Published in final edited form as: J Med Chem. 2008 Jun 18;51(13):3681–3683. doi: 10.1021/jm800521j

Hydrochalarones: A Novel Endohedral Metallofullerene Platform for Enhancing Magnetic Resonance Imaging Contrast

Darren K MacFarland †,*, Kenneth L Walker , Robert P Lenk , Stephen R Wilson , Krishan Kumar , Christopher L Kepley , Joel R Garbow
PMCID: PMC2630425  NIHMSID: NIHMS87184  PMID: 18558670

Abstract

Targeted imaging requires contrast agents that remain in the vasculature for extended periods of time. A new contrast agent is described in which gadolinium is encapsulated within an extremely stable carbon sphere, thus allowing for safe extended residence. Water solubility and small particle size is achieved with novel fullerene chemistry, attaching multiple oligoethylene glycol groups through nitrogen chemistry. These new compounds can be used to visualize tissue architecture in vivo with standard MRI techniques.

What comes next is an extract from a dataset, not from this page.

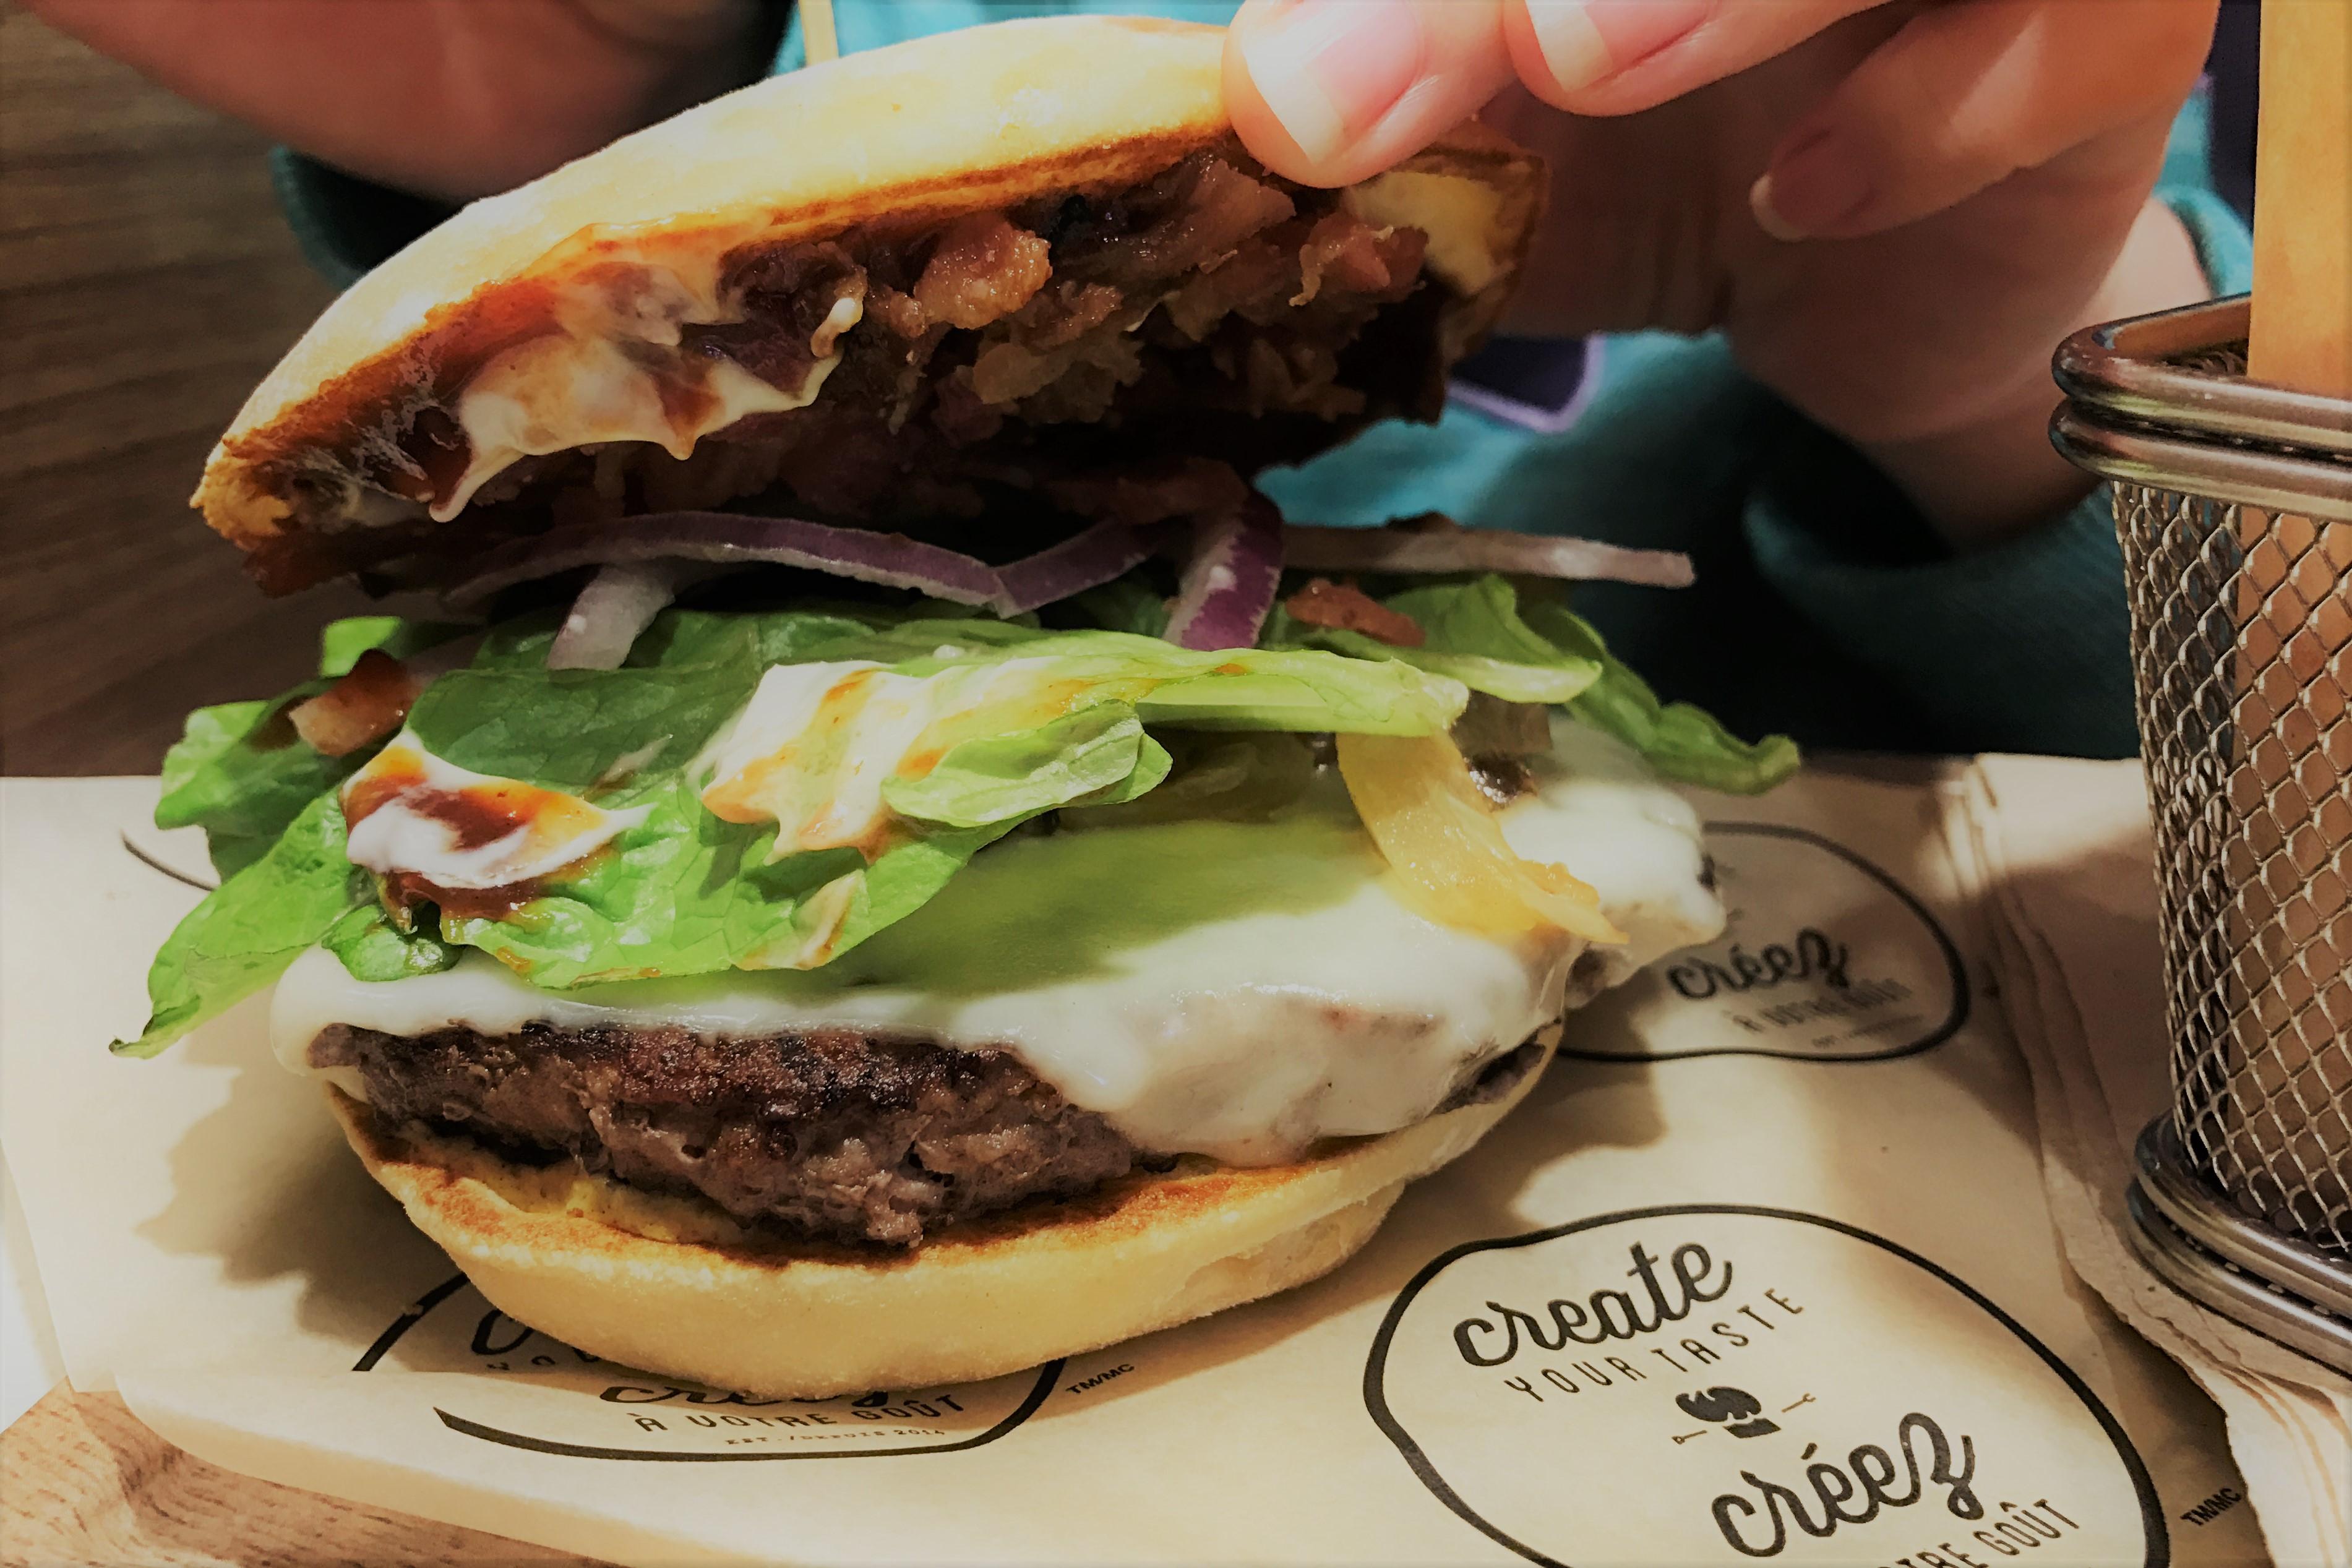 自分の好きな具材で作るマクドナルドのカスタマイズハンバーガーが凄い

Discoveries in molecular biology have produced an explosive growth in efforts to identify new targets for diagnostic medicine. However, imaging the distribution of validated targets in patients has lagged for want of safe, high-resolution imaging tools. Some nuclear medicine agents are targeted, but the relatively low resolution of PET/SPECT requires that these methods be combined with CT scans for interpretation, and there is concern about the long-term effects of exposure to ionizing radiation.1 Magnetic resonance imaging (MRI) is widely available, highly translatable, and can provide high contrast, especially for the study of soft tissue. However, recent concerns over the role of current Gd-based contrast agents in the development of nephrogenic systemic fibrosis (NSF) in patients with impaired renal function2,3 highlight the need for safer imaging agents with enhanced imaging capabilities. In this report, we describe a new technology for improving MRI contrast based on endohedral metallofullerenes containing Gd. Surface modification of the fullerene provides much higher spin coupling with water protons than other forms of Gd despite separation by the fullerene cage. These nanomaterials are remarkably stable and hence are unlikely to release the Gd. These new nanomaterials injected intravenously demonstrate enhanced contrast in a mouse MRI, with circulation of at least 30 min. This technology could serve as a platform for developing agents that can specifically target molecular entities uniquely expressed on certain cells, tissues, or organs, thus providing caregivers improved ways to diagnose, treat, and monitor progression of a wide range of diseases.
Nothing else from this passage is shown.